The newest set of models from OpenAI, o1-mini and o1-preview, exhibit more “reasoning” than existing large language models and associated interfaces, which spit out answers to prompts almost instantaneously.
Instead, the new model will sometimes “think” for as long as a minute or two. “Through training, they learn to refine their thinking process, try different strategies, and recognize their mistakes,” OpenAI announced in a blog post last week. The company said these models perform better than their existing ones on some tasks, especially related to math and science. “This is a significant advancement and represents a new level of AI capability,” the company said.
But is it also a significant advancement in energy usage?
In the short run at least, almost certainly, as spending more time “thinking” and generating more text will require more computing power. As Erik Johannes Husom, a researcher at SINTEF Digital, a Norwegian research organization, told me, “It looks like we’re going to get another acceleration of generative AI’s carbon footprint.”
Discussion of energy use and large language models has been dominated by the gargantuan requirements for “training,” essentially running a massive set of equations through a corpus of text from the internet. This requires hardware on the scale of tens of thousands of graphical processing units and an estimated 50 gigawatt-hours of electricity to run.
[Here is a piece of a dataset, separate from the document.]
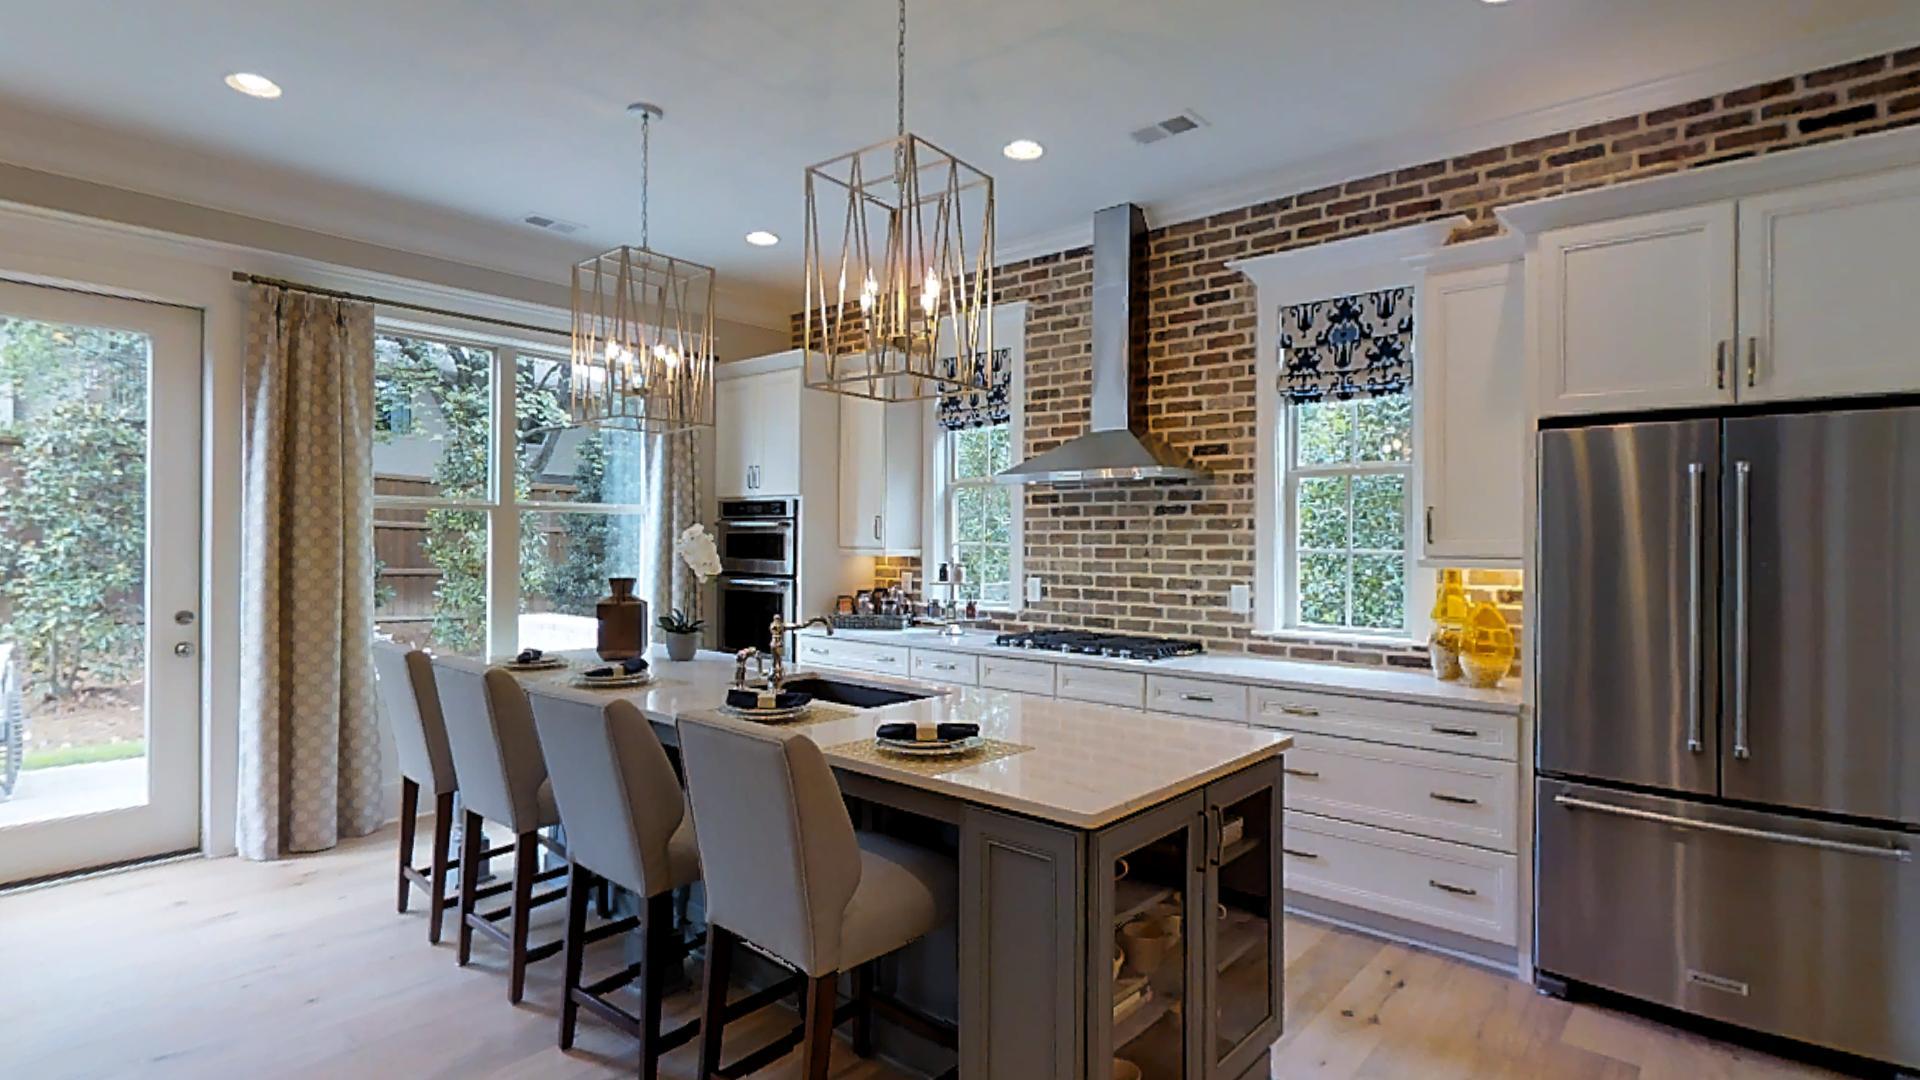 Edward Andrews Homes: Havenridge at Indian Hills – Concord Designer Model

Training GPT-4 cost “more than” $100 million OpenAI chief executive Sam Altman has said; the next generation models will likely cost around $1 billion, according to Anthropic chief executive Dario Amodei, a figure that might balloon to $100 billion for further generation models, according to Oracle founder Larry Ellison.
While a huge portion of these costs are hardware, the energy consumption is considerable as well. (Meta reported that when training its Llama 3 models, power would sometimes fluctuate by “tens of megawatts,” enough to power thousands of homes). It’s no wonder that OpenAI’s chief executive Sam Altman has put hundreds of millions of dollars into a fusion company.
But the models are not simply trained, they're used out in the world, generating outputs (think of what ChatGPT spits back at you). This process tends to be comparable to other common activities like streaming Netflix or using a lightbulb. This can be done with different hardware and the process is more distributed and less energy intensive.
As large language models are being developed, most computational power — and therefore most electricity — is used on training, Charlie Snell, a PhD student at University of California at Berkeley who studies artificial intelligence, told me. “For a long time training was the dominant term in computing because people weren’t using models much.” But as these models become more popular, that balance could shift.
“There will be a tipping point depending on the user load, when the total energy consumed by the inference requests is larger than the training,” said Jovan Stojkovic, a graduate student at the University of Illinois who has written about optimizing inference in large language models.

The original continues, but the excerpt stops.